A noble sentiment is a very noble thing when it is genuine. A soul which would not throb in response to a noble sentiment, if it were genuine, would prove that it was base and corrupt. On the other hand, a noble sentiment, if it is not genuine, is one of the most corrupting things in the world. The habit of entertaining bogus sentiments of a plausible sound, deprives both mind and heart of sterling sense and healthful emotion. It is no psychological enigma that Robespierre, who was a hero of the eighteenth-century sensibilité, should have administered the Reign of Terror. People who gush are often most impervious to real appeals, and to genuine emotion. It therefore seems that we must be on our guard against pretended noble sentiments, as against very dangerous pitfalls, and test them to see whether they are genuine or not.

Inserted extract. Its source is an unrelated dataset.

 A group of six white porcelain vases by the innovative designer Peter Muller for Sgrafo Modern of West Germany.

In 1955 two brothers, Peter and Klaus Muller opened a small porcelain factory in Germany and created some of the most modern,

The sentiment which I now propose to examine is this: that we ought to see to it that every one has an existence worthy of a human being, or to keep it in the form in which it is offered, a menschenwürdiges Dasein. It is not a matter of accident that it is stated in German. A noble sentiment often loses poetry and transcendental solemnity to such an extent, when translated into everyday English, that it might seem like begging the question of its truth and value to translate it.

The first question is: what is an existence worthy of a human being? The hod-carrier, who is earning a dollar a day, will say that it is what he could get for a dollar and a half; the mechanic at two dollars will say that it would cost three; a man whose income is a thousand dollars will say that it costs fifteen hundred. I once heard a man, whose salary was twelve thousand dollars, speak of five thousand a year as misery. A menschenwürdiges Dasein, therefore, at the first touch gives us the first evidence of something wrong. It sounds like a concrete and definite thing, but it is not such; a menschenwürdiges Dasein is the most shifting and slippery notion which the human mind can try to conceive. In general it is about fifty per cent more than each one of us is getting now, which would, for a time, mean happiness, prosperity, and welfare to us all. It is to be remembered, also, that most of the people who, not in their own opinion, but in that of their neighbors, have not a menschenwürdiges Dasein are those who do not like that kind of an existence or want it, but have turned their backs upon it, and are in fact rather more contented than any other class of people with their situation as they are now.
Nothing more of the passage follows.